I get this. I was looking for an example what the annotations are looking like.

@MaheshRavishankar if you are planning to add these utility functions, please add these to LoopLikeOpInterface (instead of ForOp or ParallelOp) because that way it’d be reusable for AffineForOp as well. And for your purpose, it shouldn’t make a difference. On that note, I think loop.parallel should be implementing LoopLikeOpInterface as well.

Sorry for the delay in response (and thanks for the response above). I realize there is a difference in my mental model and what is implemented. It requires some explanation, which is below. But addressing a comment before that

I realize I wasnt fully clear here. You are right that of all the symbols needed, the only thing the lowering cannot know is the number of processors. This needs to be “input” to the pattern itself.
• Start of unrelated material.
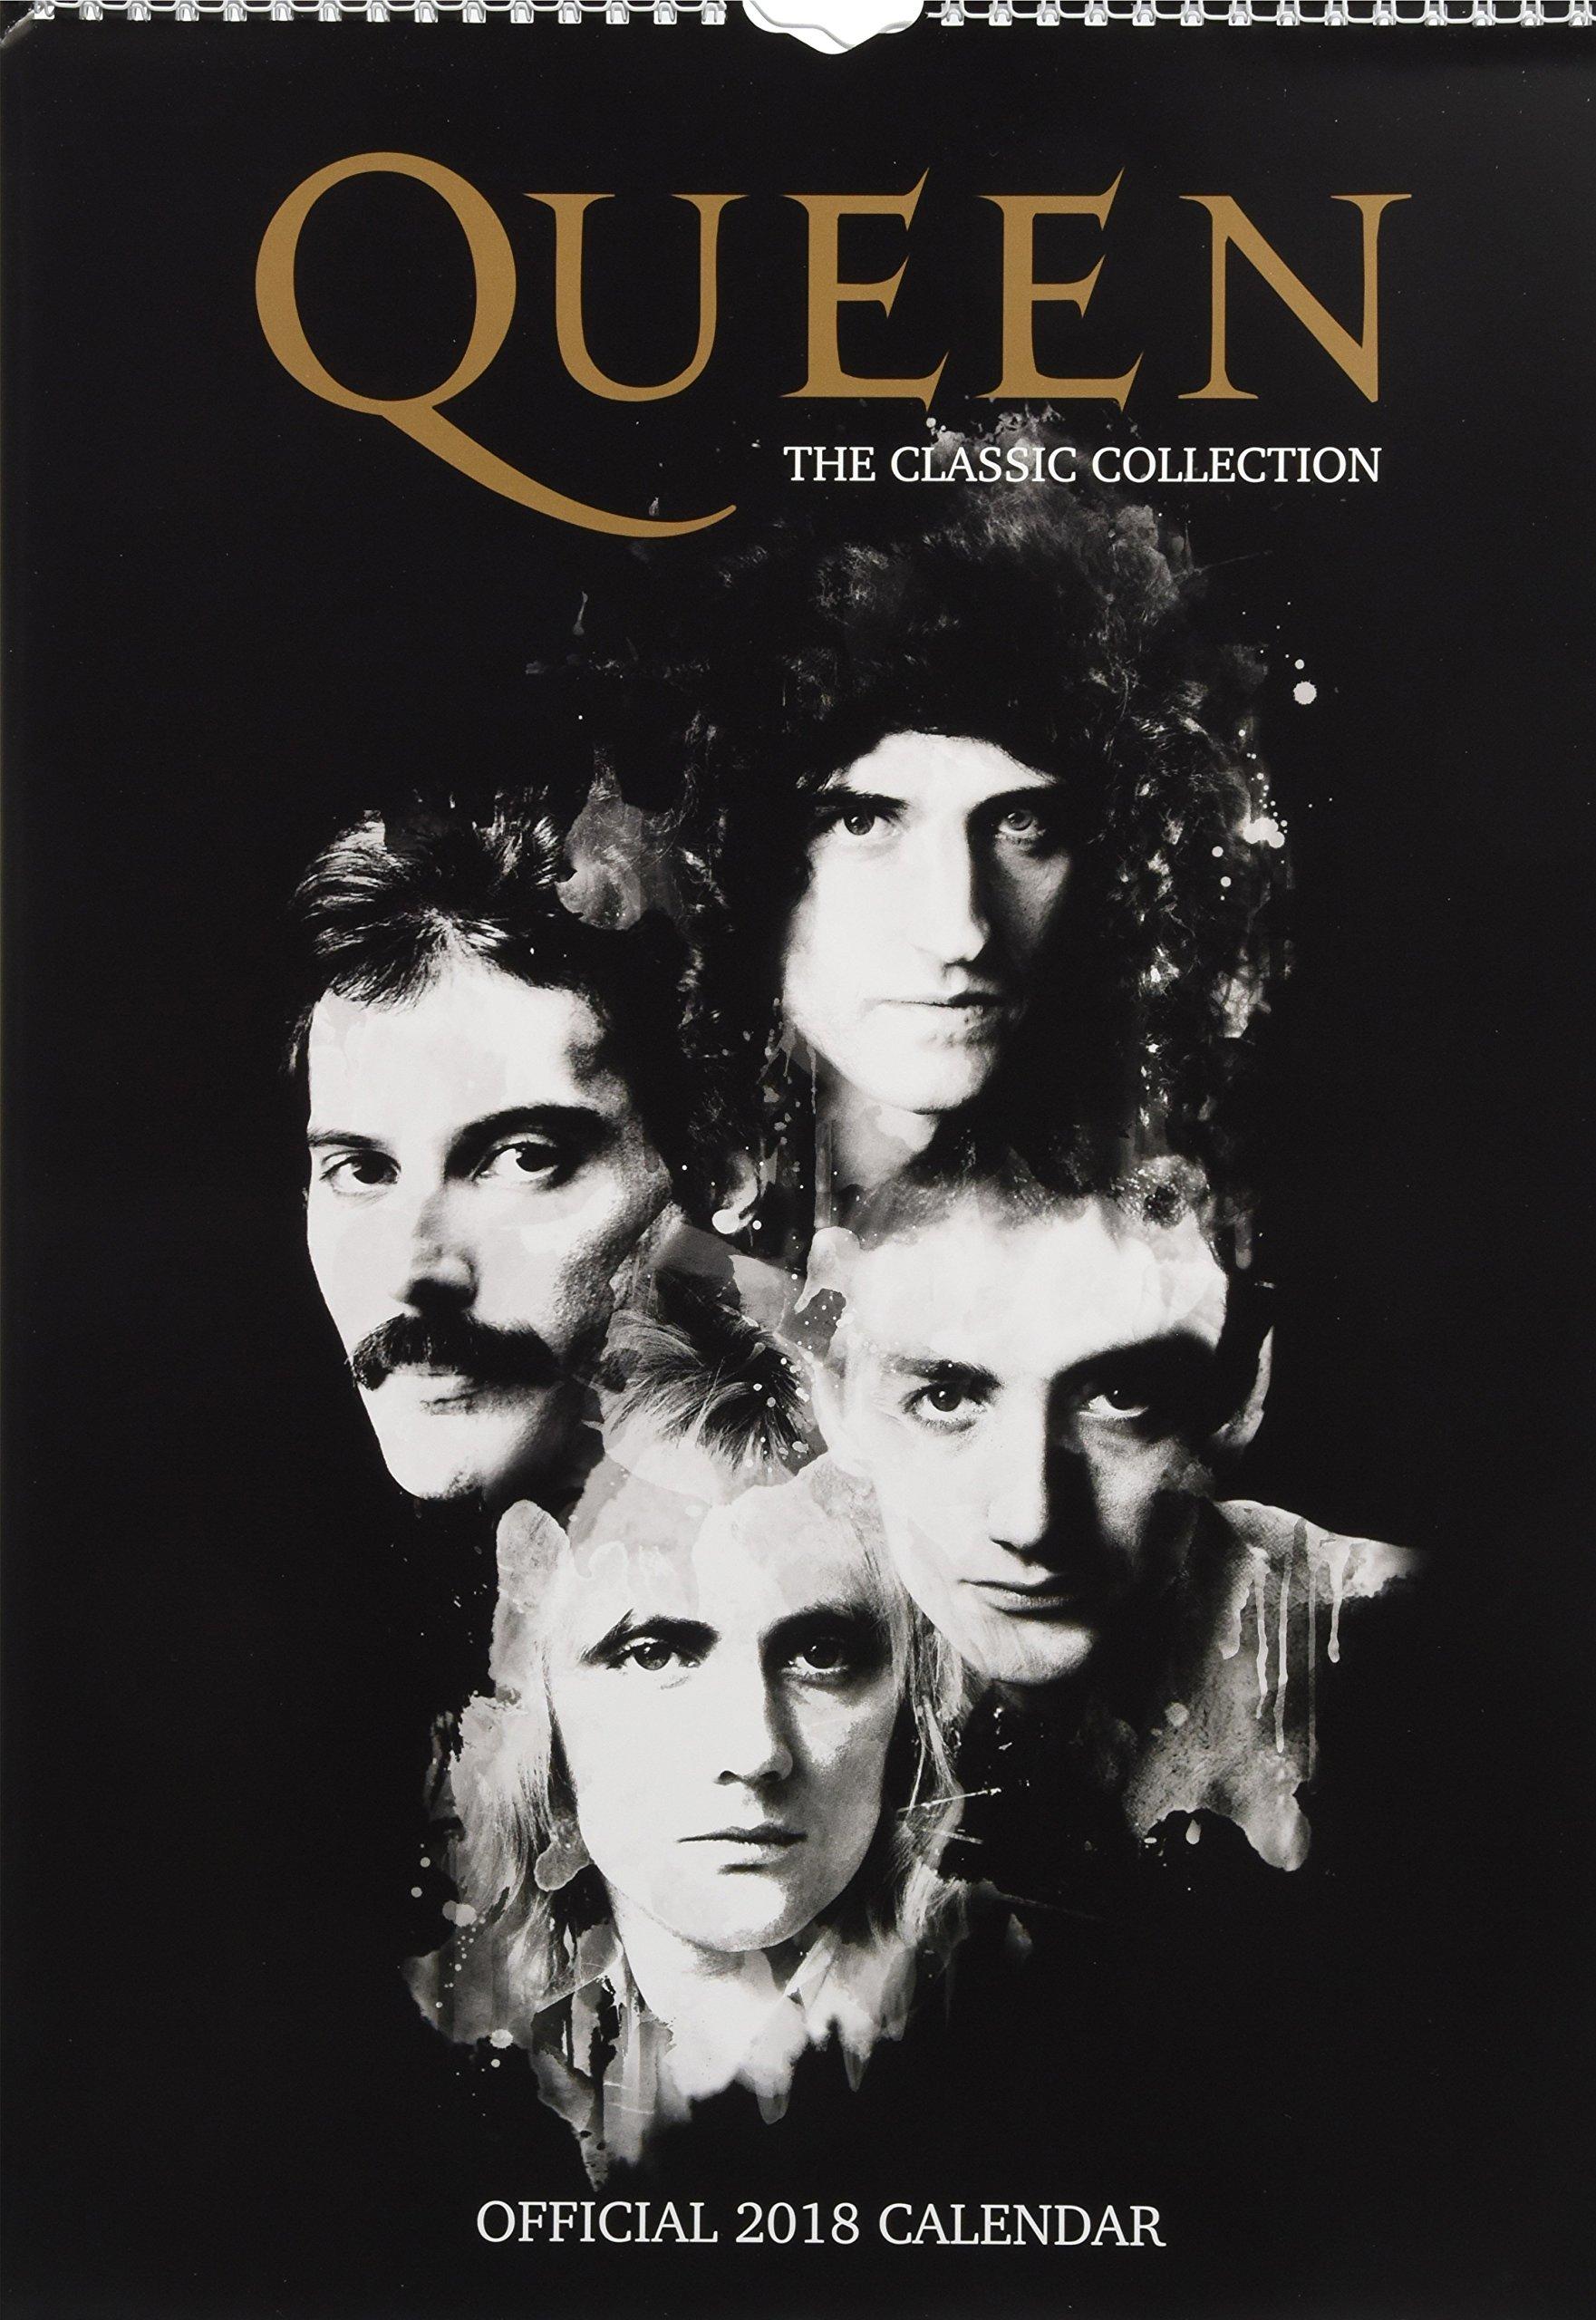 queen official 2018 calendar a3 poster format 9781785493188 amazoncom books

So when the pattern is constructed, the Value for the number of processors need to provided. It could be optional, so if not provided it can fallback to implement what you suggested. I admit a little bit of a blind-side here cause I am only looking at the device code generation part of GPU dialect, and there the number of processors is obtained using gpu.grid_dim. The Value that I said needs to be passed into the pattern to lower to gpu.launch will only be used as an argument to the gpu.launch.

Some explanation about what context I am looking at (from IREE). The IREE GPU code-generation has the following steps (some of this WIP)

  1. A kernel is described as one or more sequence of Linalg operations (on buffers)
  2. These are tiled (and fused if there are more than 1). The tiling process generates a loop.parallel that is to be mapped to workgroups/blocks. For now assume that there is only one such “outer” loop.parallel within a kernel.
  3. Within the loop.parallel there will be linalg operations that work on tiles. These are lowered to loop.parallel. This set of loops are mapped to workitems/threads.

I think what is implemented is where a loop is directly mapped to workitems/threads in a block-cyclic fashion. I think there is value in breaking this up into two steps (as described above). This gives the ability to reason about computation at workgroup/block level. You can reason about synchronization points, and using collective operations in a more natural way. When I mentioned cyclic earlier, I was thinking of mapping the set of loop.parallel ops generated from tiling to workgroups/blocks in a cyclic manner (so that would be block-cyclic w.r.t to workitems/threads).

Hope that clarifies what I am trying to get to eventually.